Интересно уточняющее определение, в котором говорится лишь о поэтике романтизма: «РОМАНТИЗМА ПОЭТИКА – в противоположность классической поэтике воплощения может быть охарактеризована, при всем многообразии форм, как поэтика романизации и развоплощения – раскрытия бесконечного в конечном, становящегося в готовом, необыкновенного и таинственного в обыкновенном, непостижимого в известном и понятном» [Рымарь, 2008, 220]. При некоторой расплывчатости определения оно, по крайней мере, представляет собственную концепцию романтической литературы, а не суммирует разнородные признаки явления.

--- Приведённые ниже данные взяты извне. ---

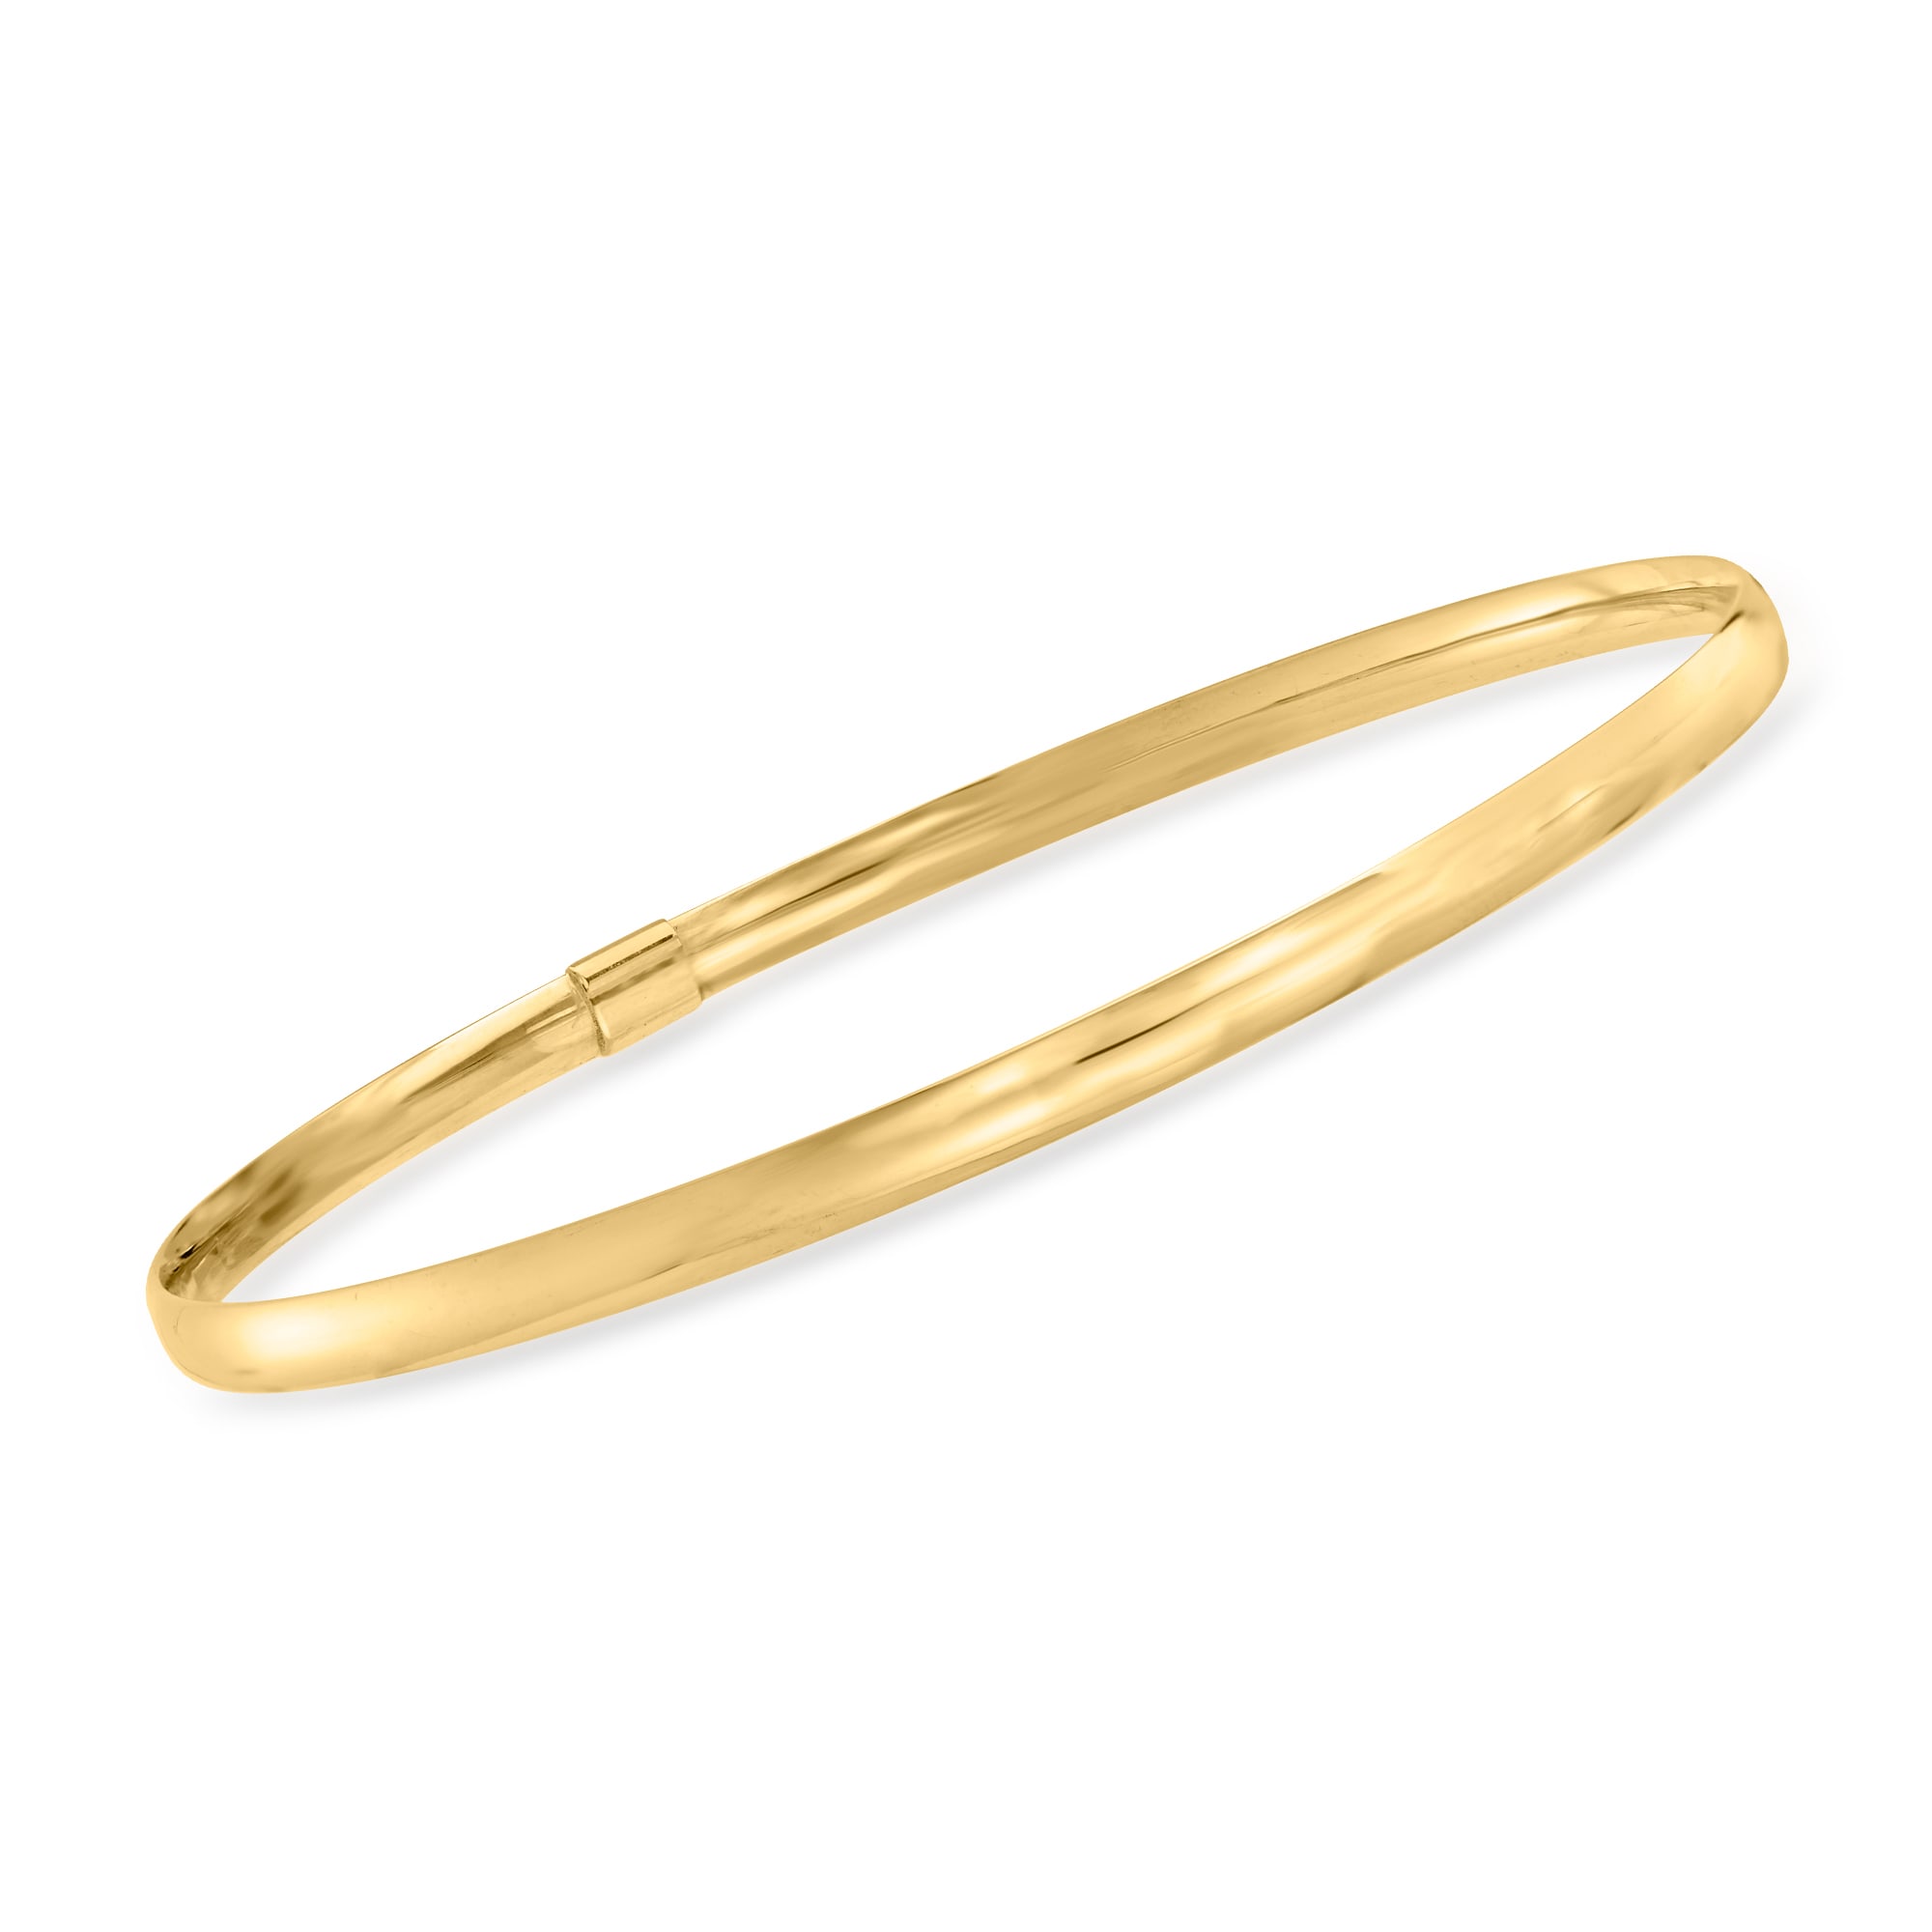 Acotis Gold Jewellery 9ct Yellow Gold Hook Bangle BN431

При этом в различных литературоведческих культурах понятие романтизма трактуется по-разному. Так, например, современная писательница Айн Рэнд пишет: «Романтизм – это эстетическая категория, основанная на признании того, что человек способен к волевому акту <…> Романтизм – продукт девятнадцатого века (в значительной мере подсознательный), результат двух мощных влияний – аристотелианства, освободившего человека, утвердив могущество его разума, и капитализма, давшего разуму свободу воплощать свои идеи на практике (второе влияние само по себе вытекало из первого)» [Рэнд, 2011, 100–103]. Очевидно, что в привычной для отечественного исследователя философско-исторической парадигме причины и признаки романтизма иные: родоначальником романтического более привычно считать не Аристотеля, а Платона, а его причиной – не капитализм, а протест против капитализма.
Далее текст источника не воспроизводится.